I'm so sorry to hear you are going through this. I would wonder if you could contact the people at The Truth About Pet Food, and they could tell you what to do since you are getting no help from the company. Anything you do will be time consuming, but worth it to hold them accountable for not caring about anything but the $$ they can make. I know you have heard a lot about Primal lately on the forum, but it is a great commercial raw that's quick and easy if Deuce can eat it. Also, if he could eat Mulligan Stew, that is a great food made by an excellent company with the same high standards as THK. Their kibble is baked not extruded. If I think of any others I'll let you know.


----------



## Angel1210 (Mar 14, 2011)

Sorry for the problems you are having. I also feed THK, I feed Embark. I also feed Wellness Core, but I am changing the Wellness to Natures Logic. It is a holistic food. My golden has had an ear problem for about a month now. The vet gave me panalog for it. My DIL said it won't help, because it's a fungus in her ear. She convinced me to try Natures Logic food. Apparently potatoes can cause problems also. It is is grain free, pea and potato free! She also feeds Acana. She does a lot of research on dog food. She said when you process it at high temps, a lot of nutrients are gone. Acana is not processed at high temp. BTW she was a vet when she was in Japan. 

I just started feeding the new food yesterday. I'll let you know how she does. 

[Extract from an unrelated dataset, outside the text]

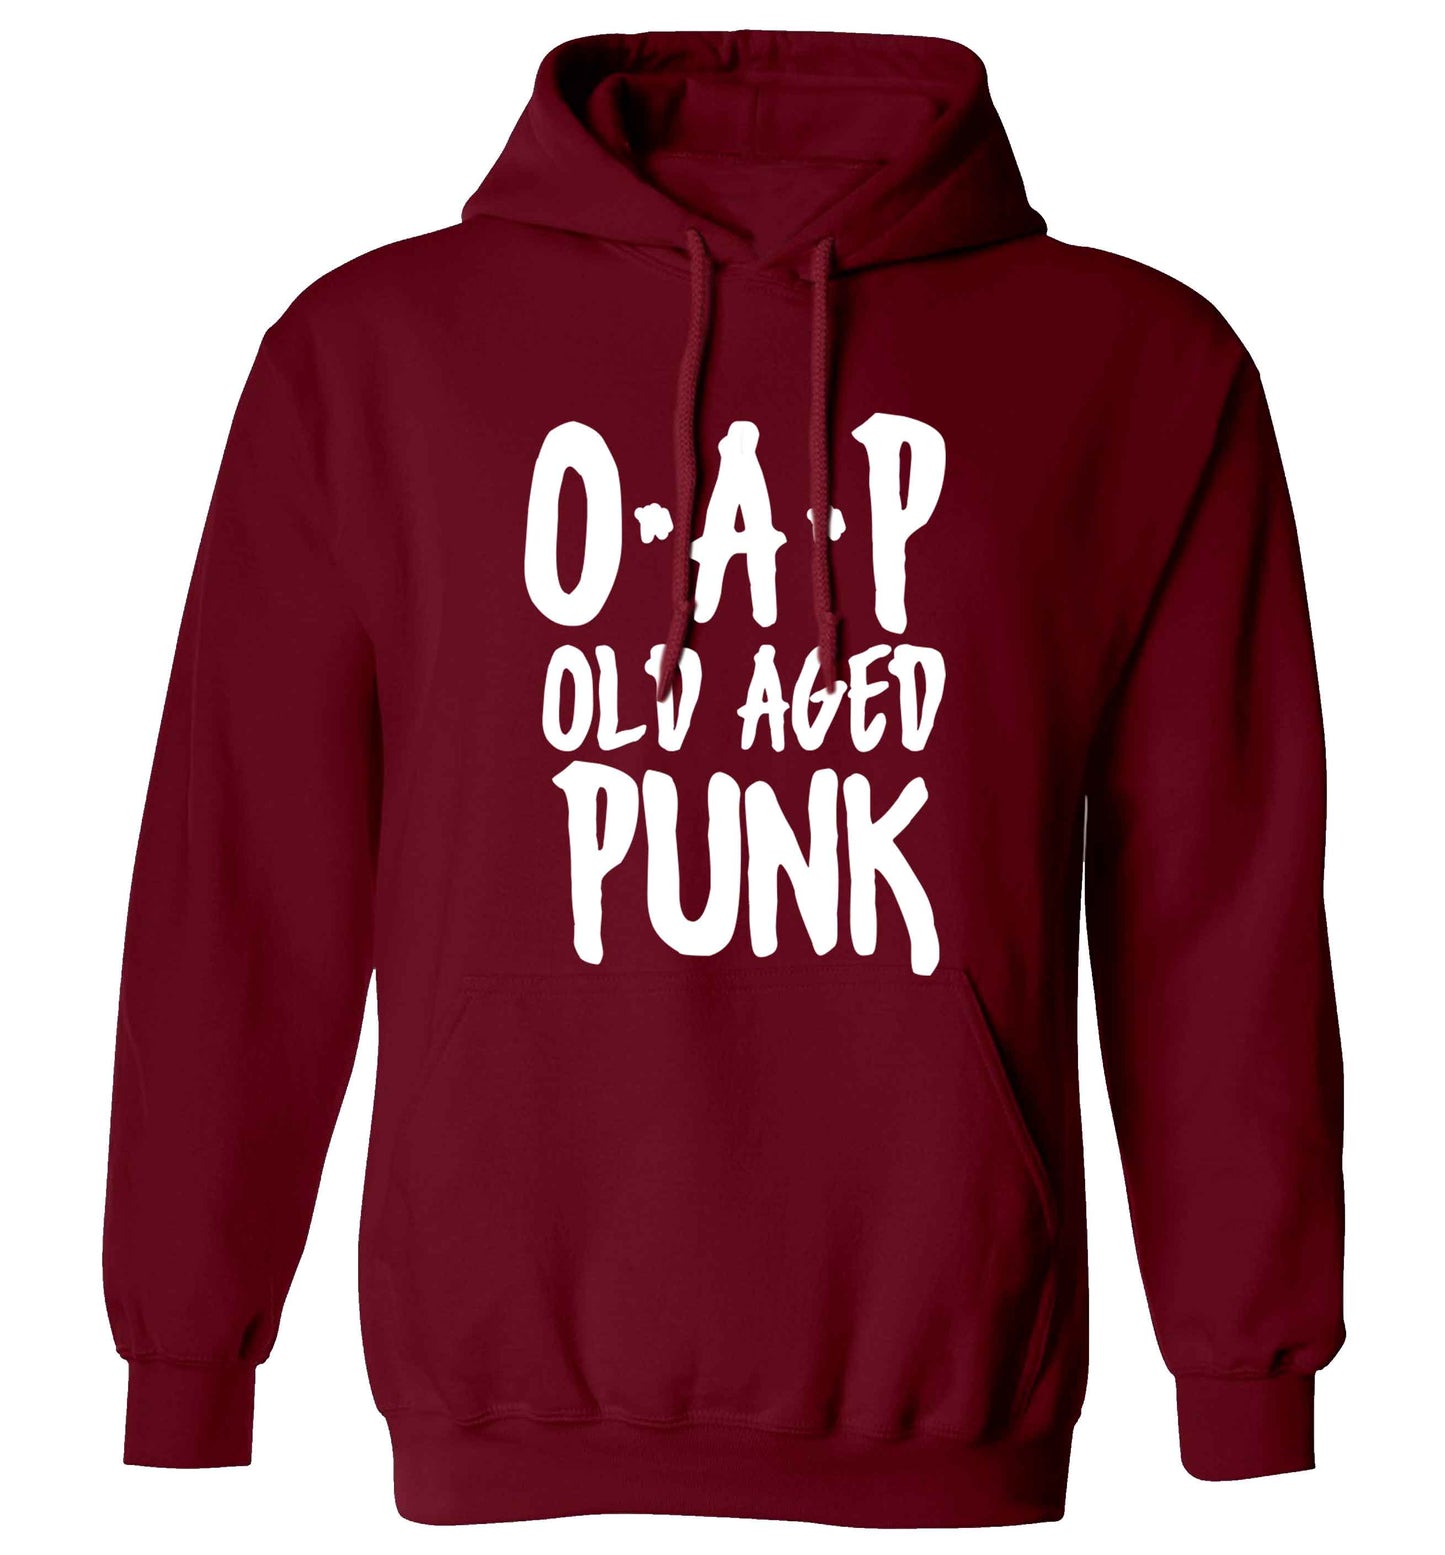 O.A.P Old Age Punk adults unisex maroon hoodie 2XL

I hope you find something for Deuce!


----------



## Teddy76 (Aug 28, 2012)

O dear! that sounds awful, and it's really bad that the company aren't being any help. Hope you manage to sort out some suitable food 


x


----------



## TinyTails (Jun 24, 2011)

I'm going to try calling the company today and see what they say. From what I have read online they're not very cooperative and they do not have a 100% satisfaction guarantee so I couldn't even return the food for a refund! We tried the Primal he's not a fan  I still have a bag of it at the house, right now for breakfast he has been picking on the Vital Essentials freeze dried if I mix it with fresh chicken. I can't afford to feed Freeze Dried long term anyway its super expensive and I have 4 pets to feed including one cat that eats canned only and one cat only on Stella and Chewy's freeze dried which is also crazy expensive - she is a kibble addict and wont eat canned  Once that is done I will probably feed him THK for his morning meal until Farmina is in stock at Chewy. I got their sample of the cod formula and he seemed to like it. He is allergic to potatoes and peas which rules out most foods. I'm really hoping the Farmina works out for us


----------



## TinyTails (Jun 24, 2011)

Well I finally heard back from them - they want me to send in the food to be tested and want to send me a free replacement bag.


----------